Dua orang saleh dan terhormat pergi ke masjid bersama-sama.
Yang pertama melepas sepatunya, lalu meletakkannya rapi-rapi
di luar pintu. Yang kedua melepaskan sepatunya, menangkupkan
di kedua solnya, lalu membawanya masuk masjid.
Sekelompok orang-orang saleh lain, yang duduk di dekat pintu
masjid. Terdengar pembicaraan tentang kedua orang yang baru
masuk tadi; yang mana diantara keduanya yang benar. “Jika
orang masuk mesjid telanjang kaki, bukankah sebaiknya
meninggalkan saja sepatunya di luar?” tanya seseorang.
Seorang yang lain menyambung, “Tetapi tidakkah kita harus
mempertimbangkan bahwa orang yang membawa sepatunya ke
masjid itu selalu ingat akan dirinya?”
Ketika dua orang saleh itu selesai sembahyang, mereka
ditanyai secara terpisah tentang masalah itu oleh kedua
kelompok yang tadi berbeda pendapat.
Orang pertama menjawab, “Saya meninggalkan sepatu di luar
masjid atas alasan biasa. Jika seandainya ada orang yang
ingin mencurinya, ia akan berusaha untuk menahan dirinya
agar tidak melakukan tindakan haram itu, dengan demikian
iapun telah mendapatkan kebaikan bagi dirinya sendiri.
“Pendengarnya sangat terkesan oleh ucapan orang yang saleh
itu, yang menganggap harta miliknya tak begitu berharga,
sehingga diserahkan begitu saja kepada nasib yang mungkin
menimpanya.
Pada saat yang sama, orang kedua berkata, “Saya membawa
sepatu saya ke masjid karena apabila saya tinggalkan di
luar, mungkin akan menimbulkan dorongan untuk mencurinya.
Siapa pun yang tak bisa menahan dorongan ini tentulah
melibatkanku dalam dosanya.” Pendengarnya sangat terkesan
oleh pernyataan yang saleh itu dan memuji kedalaman
pikirannya.
Namun, ada orang lain, yang juga bijaksana, yang berada
diantara kerumunan itu, berteriak, “Sementara kalian berdua
dan para pengikutmu terbuai dalam perasaan kecilmu, saling
bicara tentang hal-hal yang diandaikan, ada hal-hal yang
sesungguh-sungguh nyata baru saja terjadi.”
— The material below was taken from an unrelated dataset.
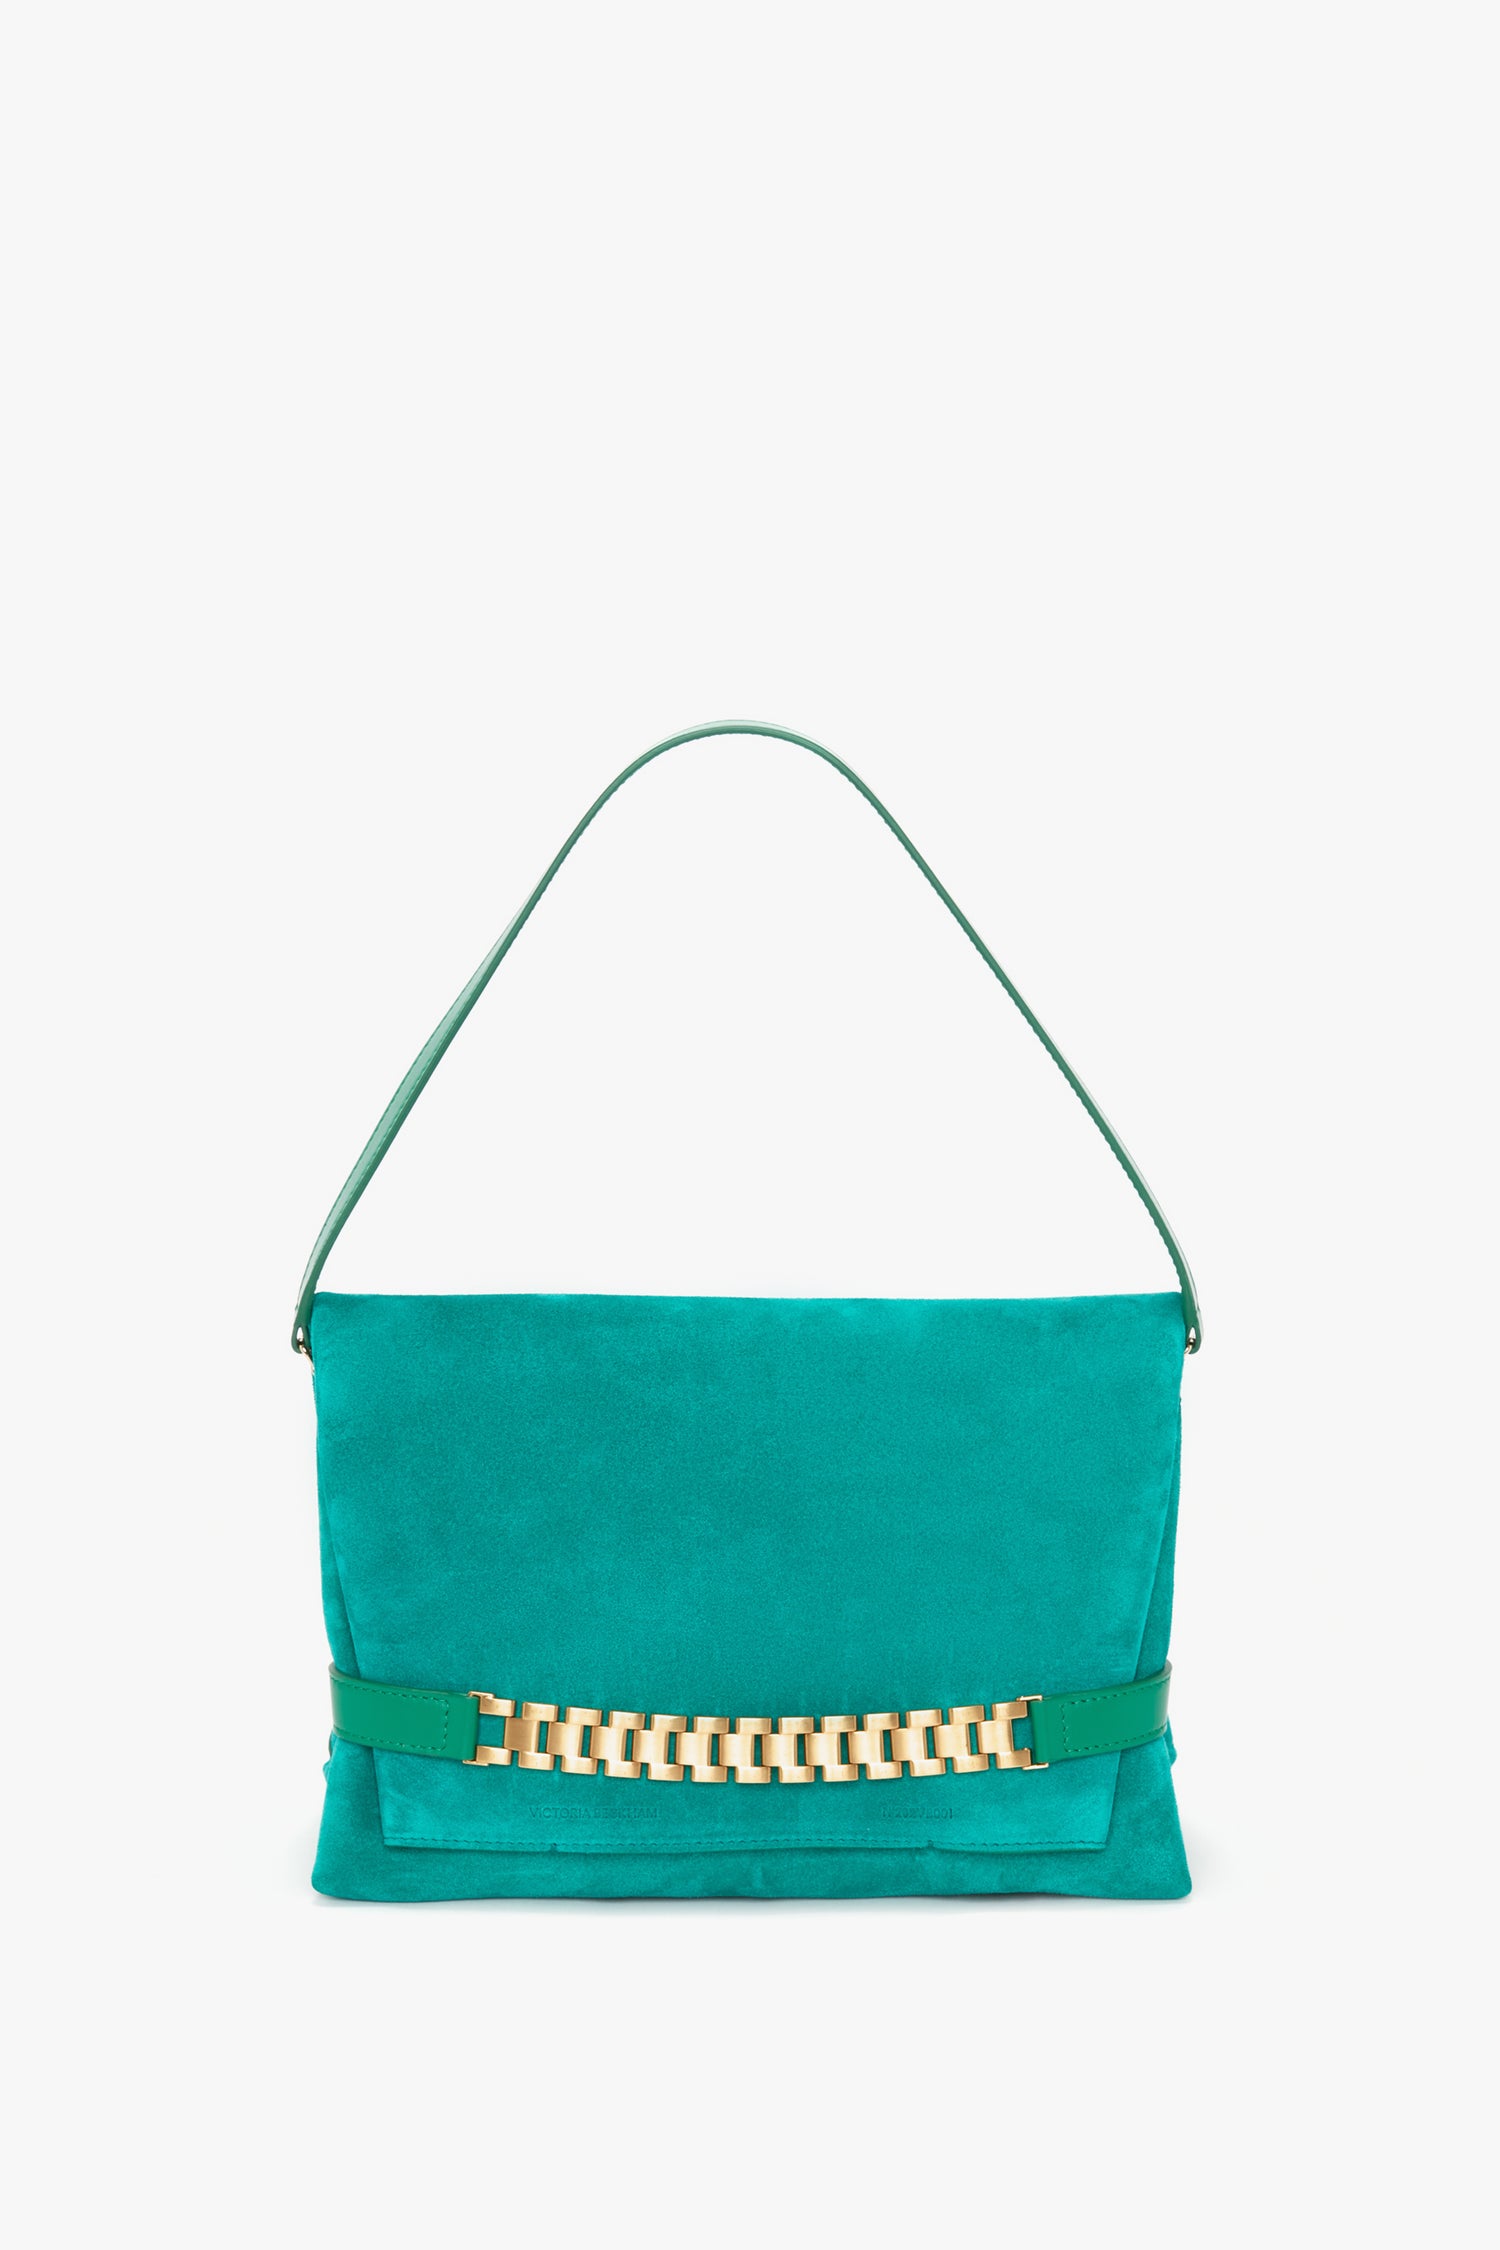 Victoria Beckham Chain Pouch Bag with Strap in Malachite Suede

“Apa itu?” tanya kerumunan orang itu.
“Tak ada seorangpun yang tergoda oleh sepatu itu. Tak ada
orang yang tak tergoda oleh sepatu itu. Si pendosa yang
diandaikan itu tak pernah lewat. Namun, seseorang yang sama
sekali lain telah memasuki masjid, seseorang yang tak
memiliki sepatu– yang tak memikirkan akan meninggalkannya
di luar pintu atau membawanya ke dalam. Tak ada seorangpun
yang memperhatikan perilakunya. Ia tidak menyadari akibat
yang di timbulkannya terhadap orang-orang yang melihatnya
atau tak melihatnya. Namun, karena ketulusannya yang
mendalam, doa-doanya di masjid hari ini secara langsung
membantu meringankan orang-orang yang mungkin sunguh-sungguh
mencuri atau tidak jadi mencuri atau memperbaiki diri
sendiri karena menghadapi godaan.”
Apakah belum juga kau ketahui bahwa sekedar perilaku yang
sepenuhnya disadari, betapapun berharganya dalam
pengertiannya sendiri, merupakan hal yang tak berarti
apabila diketahui bahwa sesungguhnya ada orang-orang yang
sungguh-sungguh, bijaksana?
Catatan
Kisah ini, yang berasal dari ajaran Kaum Khilwati, didirikan
oleh Khilwati yang meninggal tahun 1397, sering sekali
dikutip. Pokok pikirannya, yang tersebar luas di kalangan
darwis, adalah keyakinan bahwa mereka yang telah
mengembangkan nilai-nilai batiniyah memiliki pengaruh yang
jauh lebih besar terhadap masyarakat daripada mereka yang
berusaha bertindak berdasarkan alasan moral saja. Yang
pertama disebut “Manusia Tindakan yang Sebenar-benarnya,”
yang kedua “Mereka yang Tak Tahu namun seolah-olah Tahu!”